Recipe measurements live in two different worlds. American cooks mostly use volume — cups, tablespoons, teaspoons. Everyone else — and every serious baker — uses mass, in grams. Converting between them isn’t a simple multiplication because density varies wildly by ingredient. One cup of flour weighs 120 grams. One cup of honey weighs 340 grams. One cup of olive oil weighs 216.
This tool does the lookup for you. Pick an amount, pick a unit (cup / tbsp / tsp), pick an ingredient — you get grams, ounces, and milliliters.
// WHY WEIGHING BEATS VOLUME
- Consistency. Two cooks measuring "1 cup of flour" can be 25% apart depending on how tightly they pack it. A kitchen scale reads the same number every time.
- Precision in baking. Pastry, bread, and cakes depend on ratios. Even a 10% error in flour changes the result. Savory cooking tolerates more slop; baking doesn’t.

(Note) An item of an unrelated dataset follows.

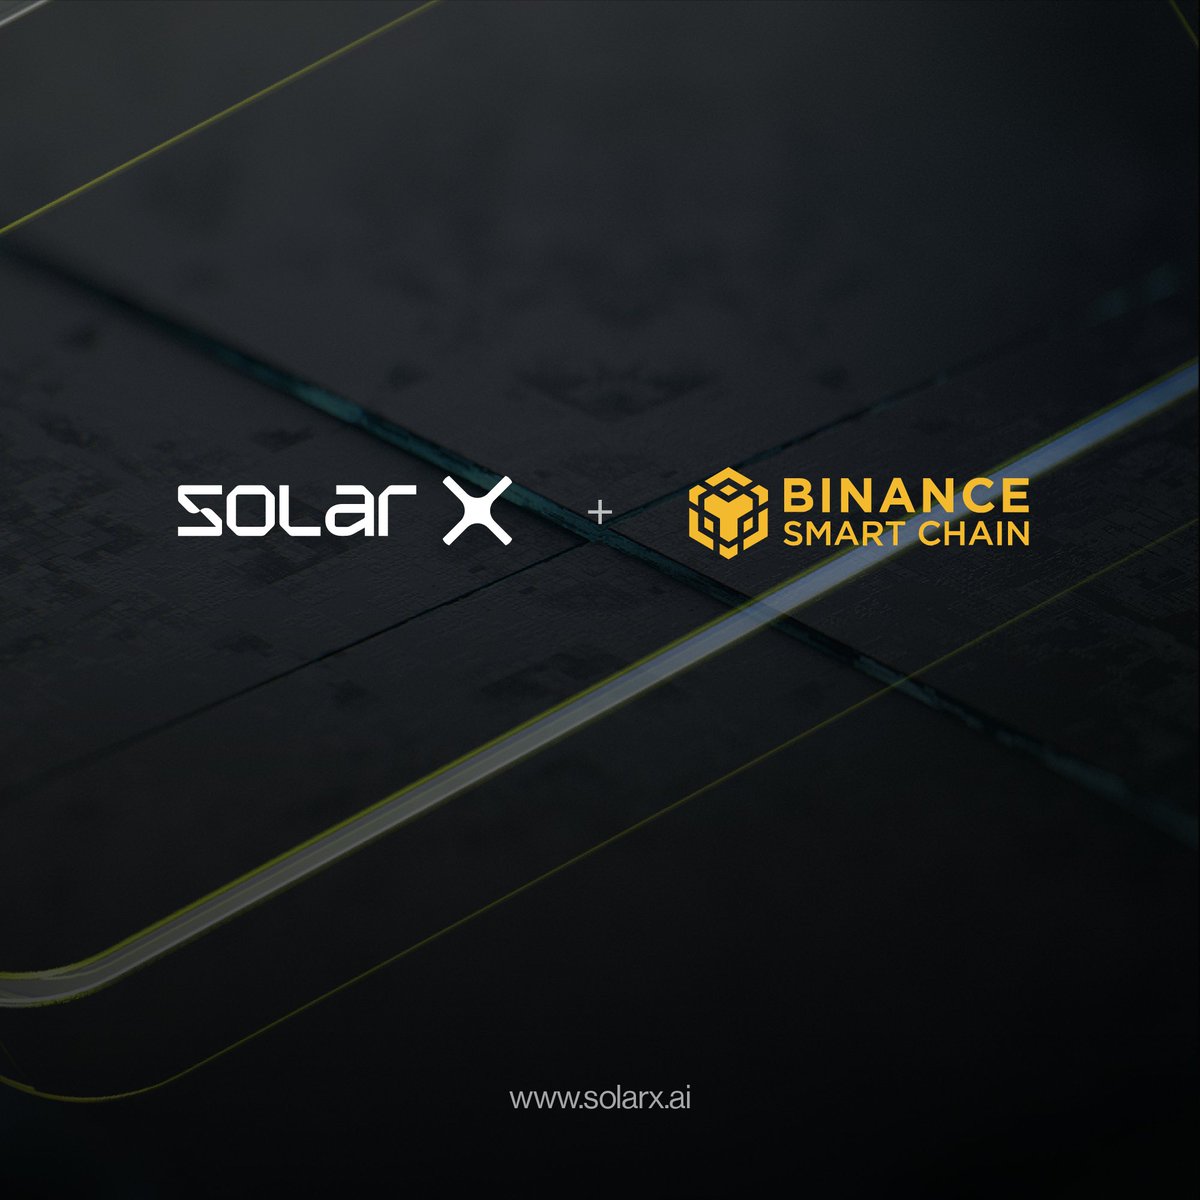 We're thrilled to announce our partnership with @BNBCHAIN 🚀 SolarX token will now be minted on #BSC, opening up new horizons for our community. @binance @BNBCHAIN

- Speed. Zeroing a scale and dumping ingredients in is faster than stacking measuring cups once you’re used to it.
// DENSITY NOTES
The numbers here come from King Arthur Baking Company and USDA FoodData Central, the most-cited US baking references. Values are "spoon and level" for flours (don’t pack, don’t scoop), "packed" for brown sugar, otherwise standard. Your result is accurate to within a few grams for typical recipes.
If your recipe is from Australia, the UK, or mainland Europe, the cup sizes differ — a metric cup is 250 mL vs the 236.6 mL US cup. The difference is about 6%.